Material supplied.
/---

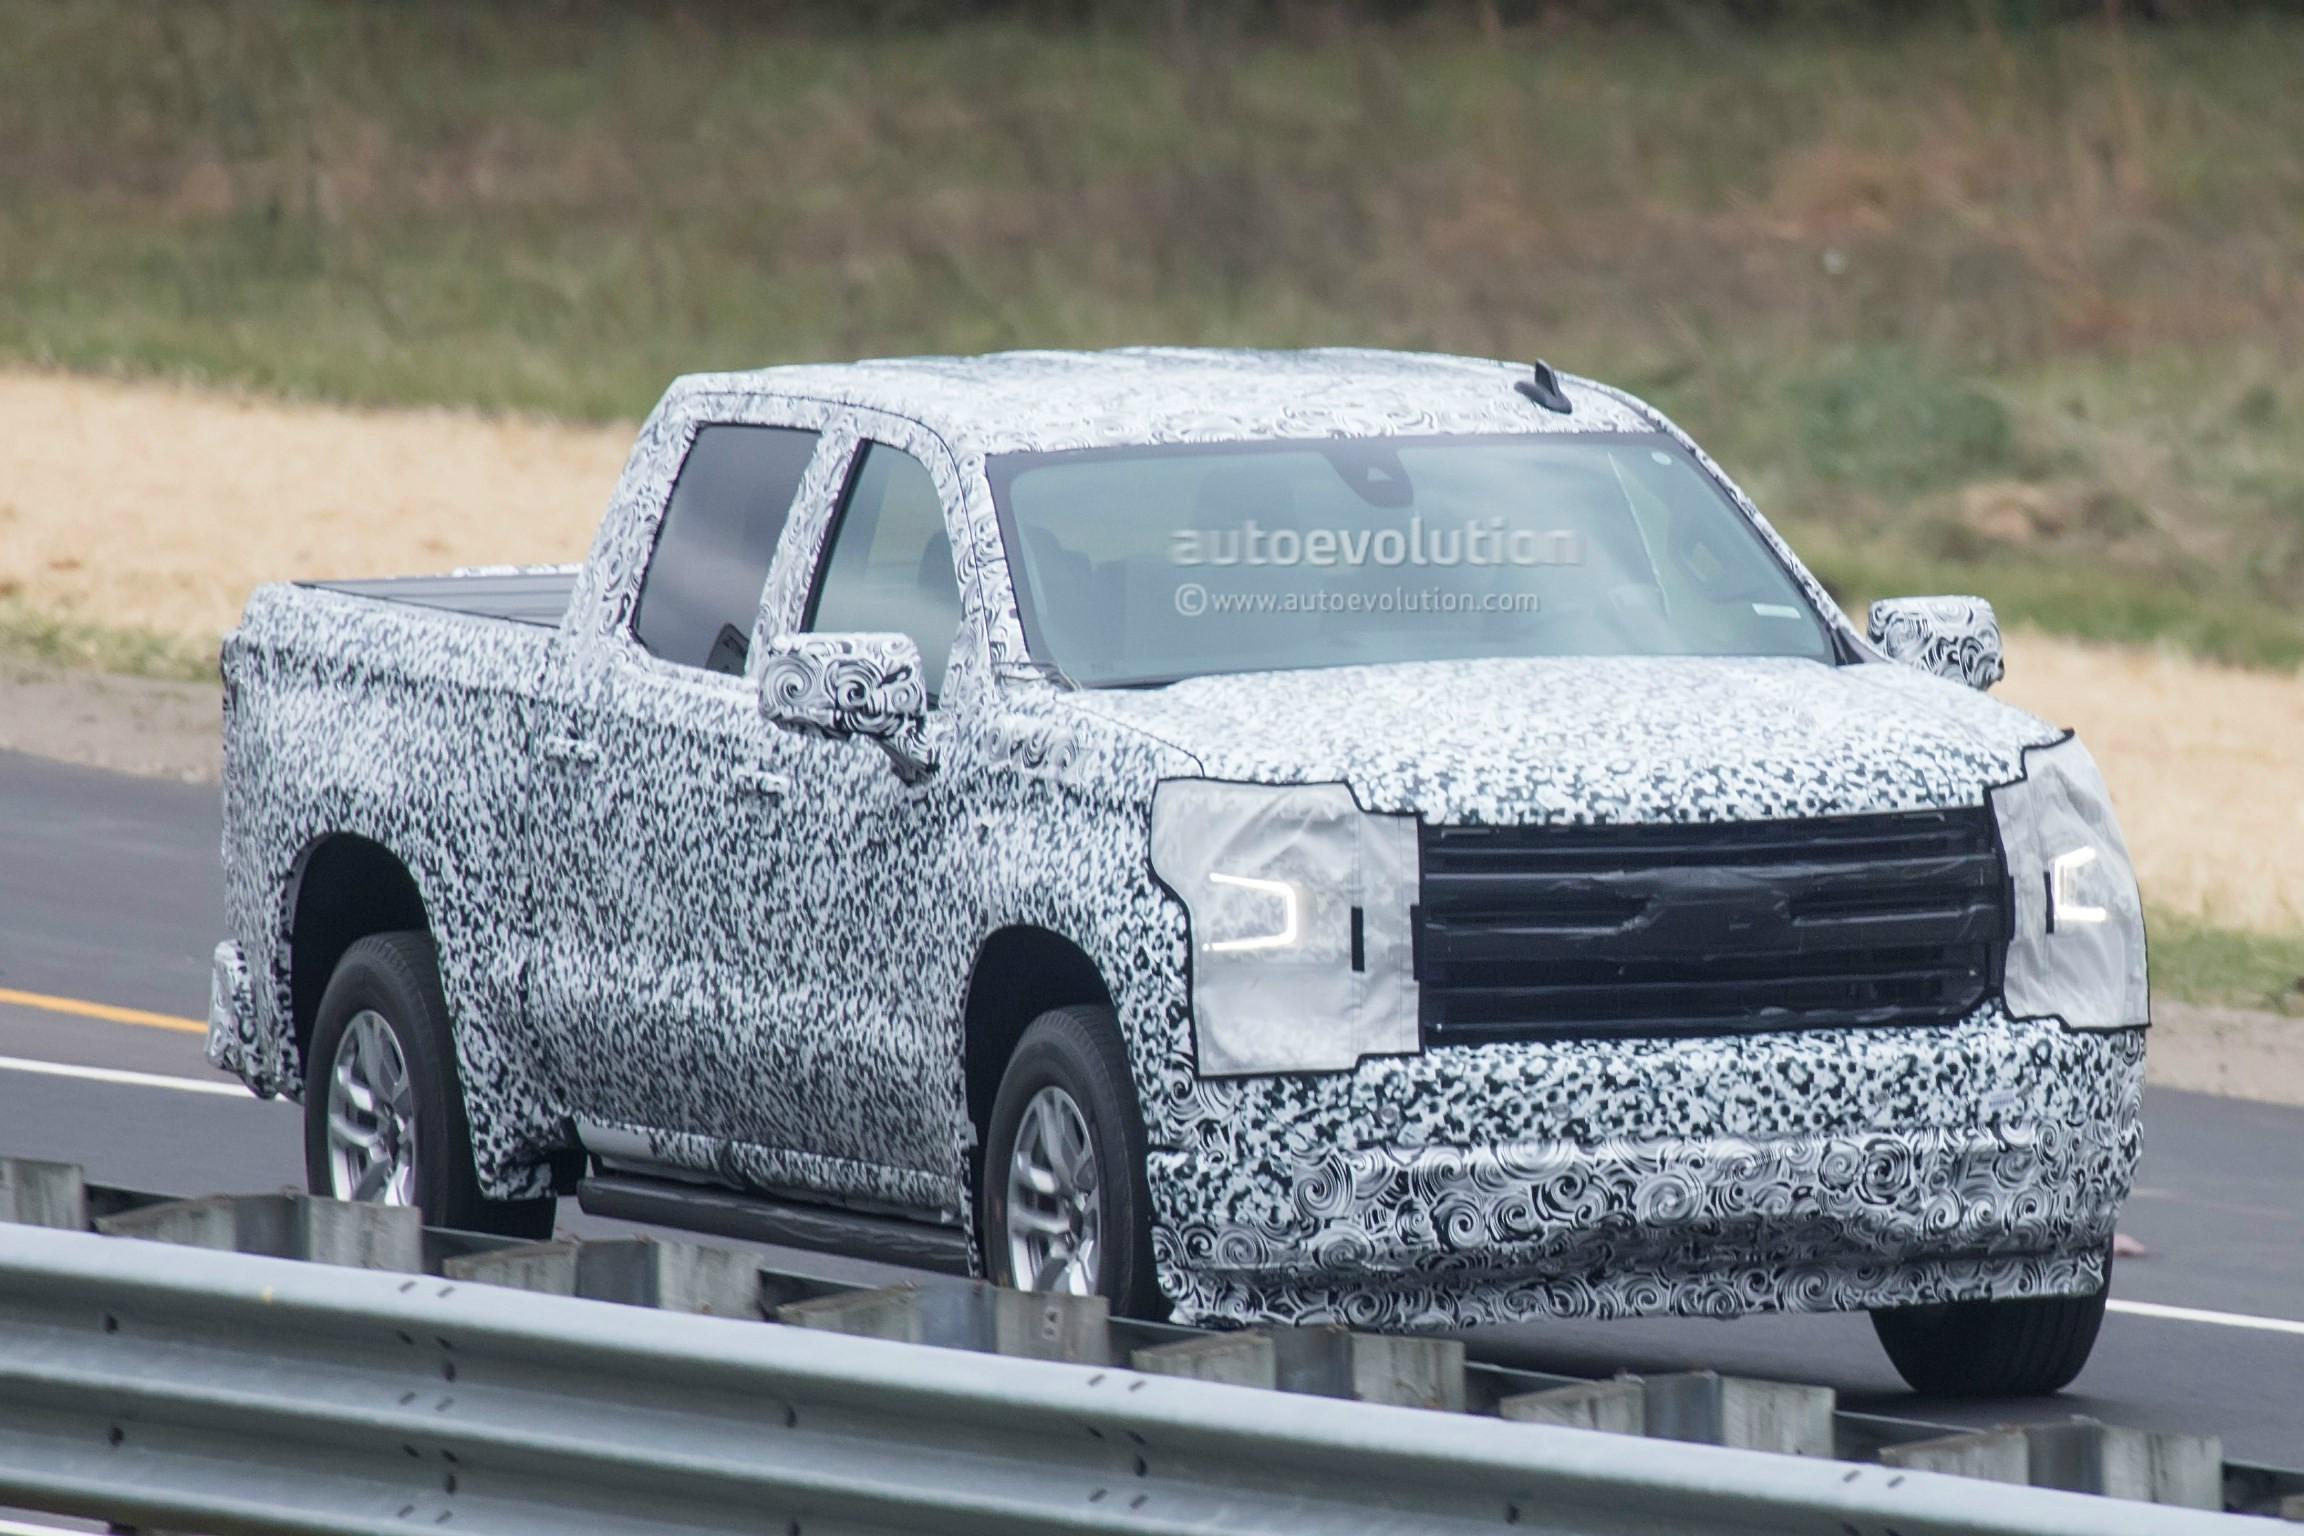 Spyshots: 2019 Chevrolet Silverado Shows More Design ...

\---
/---

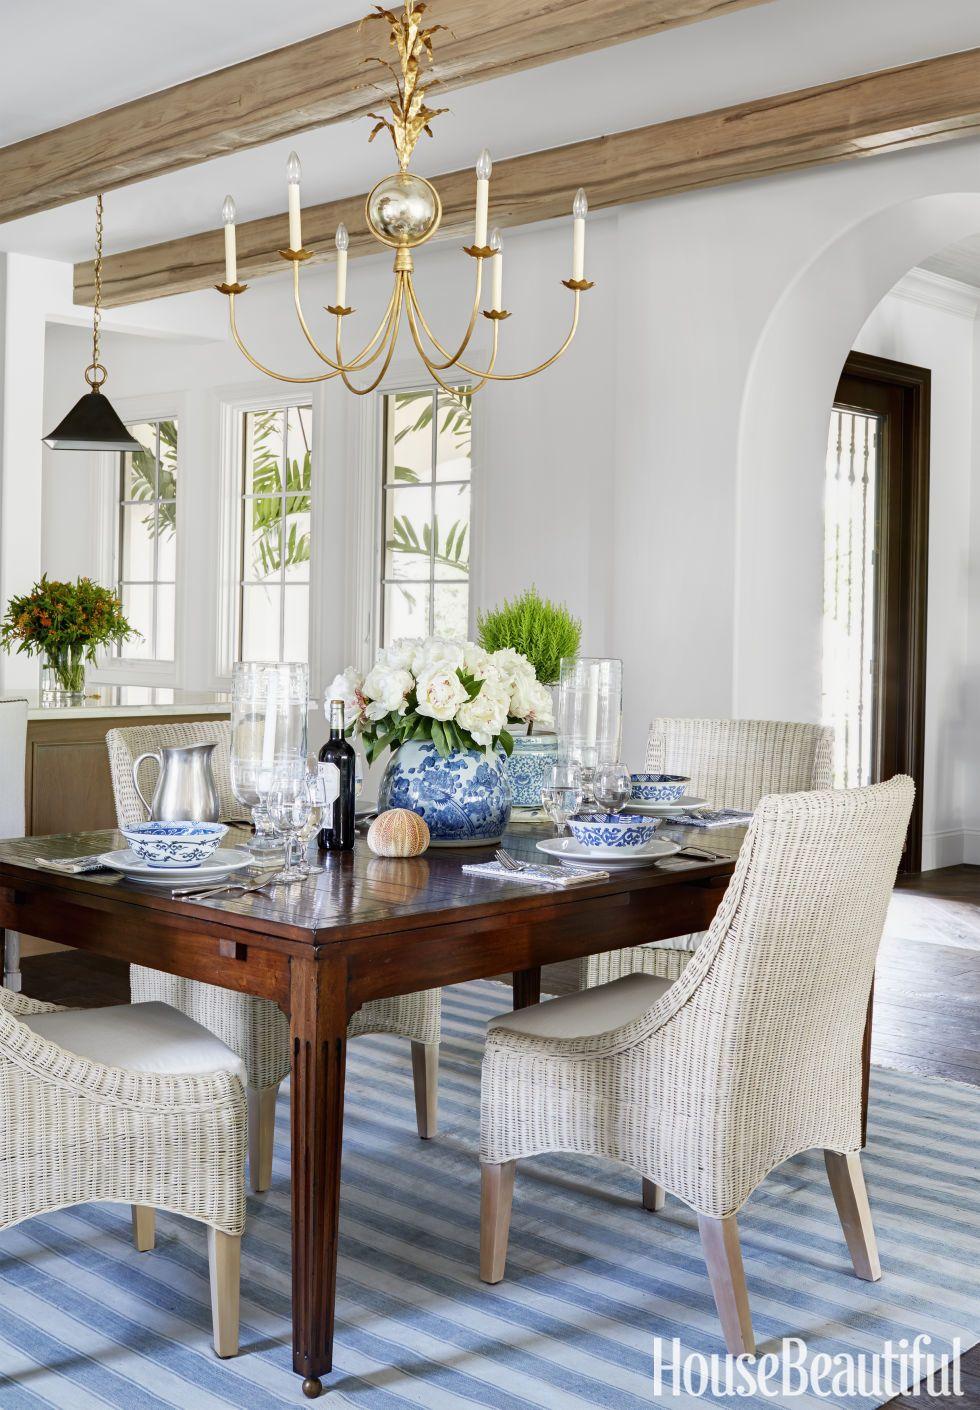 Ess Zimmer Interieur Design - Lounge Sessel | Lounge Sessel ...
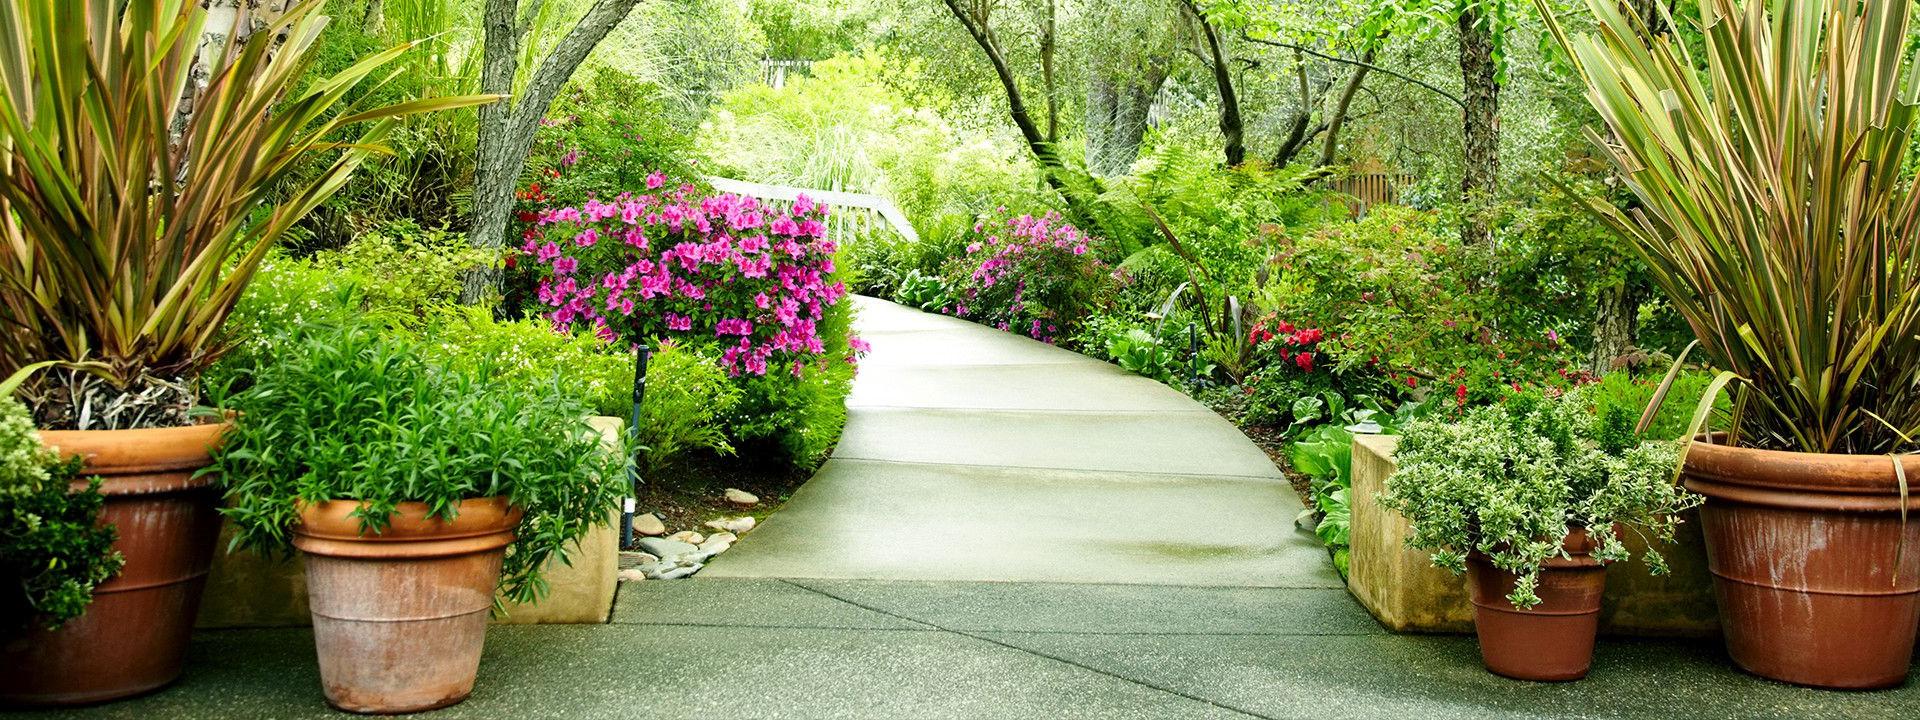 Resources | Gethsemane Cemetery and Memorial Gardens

\---

Task prompt.
Pictures are to be left out. Write out only the lines above starting at the one with "Ess Zimmer Interieur" and ending at the one with "Resources | Gethsemane", both lines included, exactly.

Written response.
 Ess Zimmer Interieur Design - Lounge Sessel | Lounge Sessel ...
 Resources | Gethsemane Cemetery and Memorial Gardens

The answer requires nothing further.